The 1997 National Institutes of Health (NIH) guidelines for the diagnosis and management of asthma cite spacers as a recommended tool for the effective long-term treatment of asthma.

"Physicians understand the important role spacers play in the treatment of chronic asthma," said Allan Luskin, M.D., clinical associate professor of medicine at University of Wisconsin in Madison. "However, without proper patient education on the use and value of these devices, spacer compliance will continue to be an issue."

The physician spacer survey consists of interviews with a total of 517 physicians including family practice, general practice, internal medicine, pulmonologists and allergists. The final sample size yields a margin of error of +/- 4.3 percent at a confidence level of 95 percent. The survey was conducted on behalf of Rhone-Poulenc Rorer Pharmaceuticals Inc., manufacturers of Azmacort®, the only inhaled bronchial steroid clinically tested and approved with a built-in spacer.

In echoing the NIH guidelines, seven out of ten physicians (71 percent) cited enhanced drug deposition (delivery to the lungs) as the greatest benefit provided by spacers, followed by a reduction in local side effects (27 percent). When asked to explain the low number of patients using spacers, physicians listed lack of patient knowledge of spacer values/benefits (32 percent), spacer cost (29 percent) and lack of patient motivation (28 percent) as the three greatest barriers preventing patients from using spacers as prescribed.
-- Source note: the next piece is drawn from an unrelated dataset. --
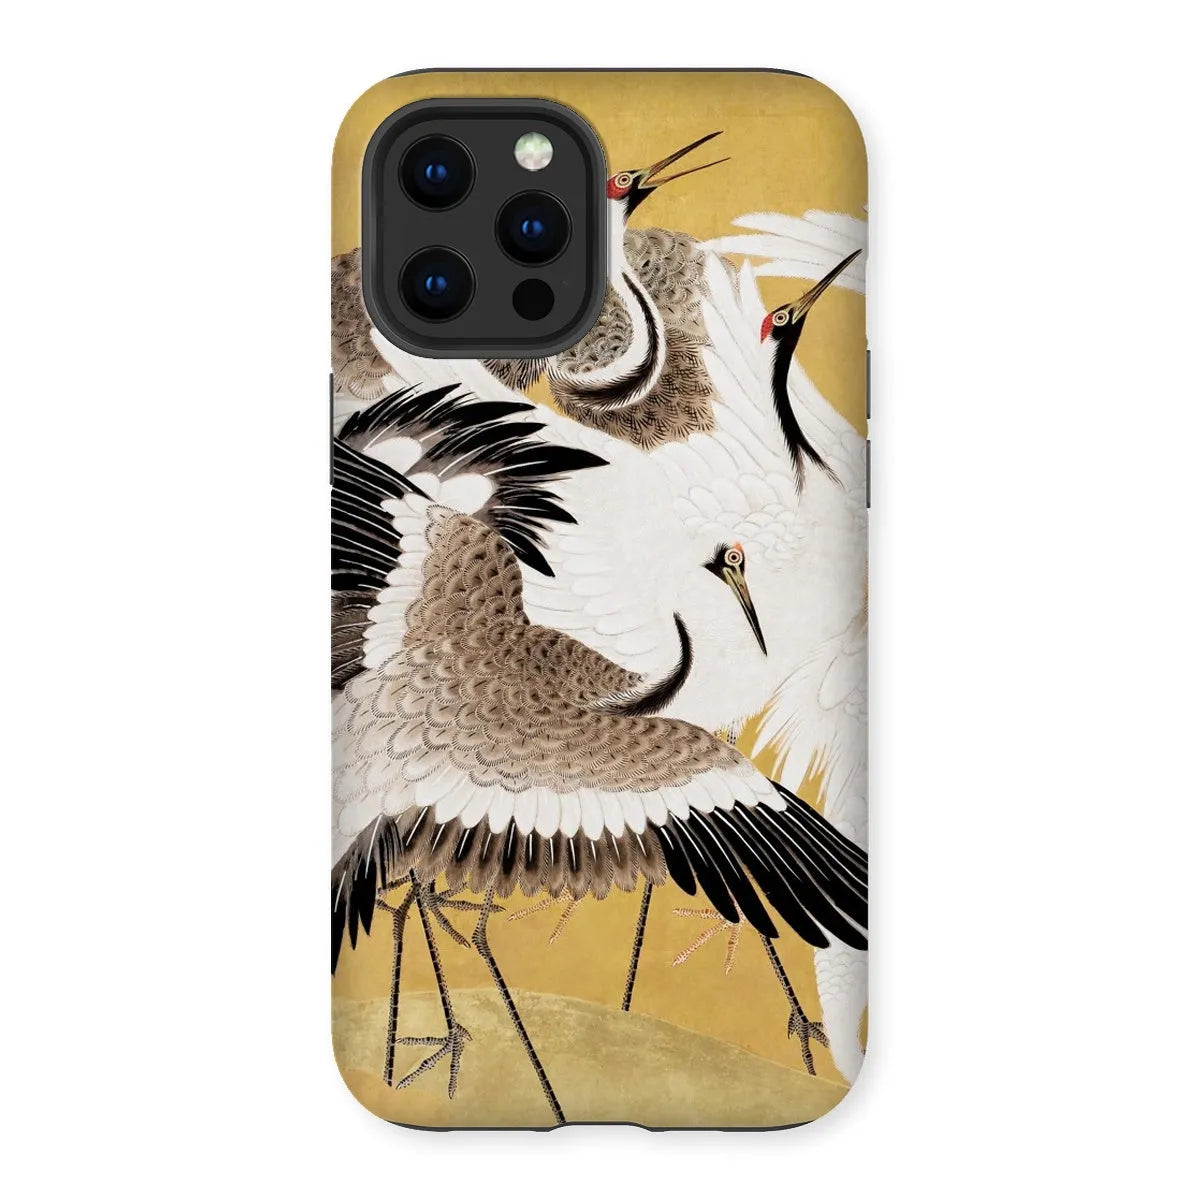 Flock Of Cranes Japanese Bird Art Phone Case - Ishida Yūtei - Iphone 12 Pro Max / Matte - Mobile Phone Cases

"This survey has illustrated a handful of reasons why patients may not be using their spacers. In doing so, the study has put physicians on notice to take steps toward helping their patients understand the importance of spacers and better manage their disease," added Dr. Luskin.

When asked how to improve patient spacer use, three-quarters (75 percent) of physicians found knowledge of spacer benefits to be most important to spacer compliance, with more than half (53 percent) finding a strong link between patient education on spacer use and spacer compliance. Furthermore, nearly nine out of ten physicians (86 percent) felt that spacer use would improve if time were taken to properly educate patients on how to use a spacer (50 percent) or on the value of a spacer (36 percent).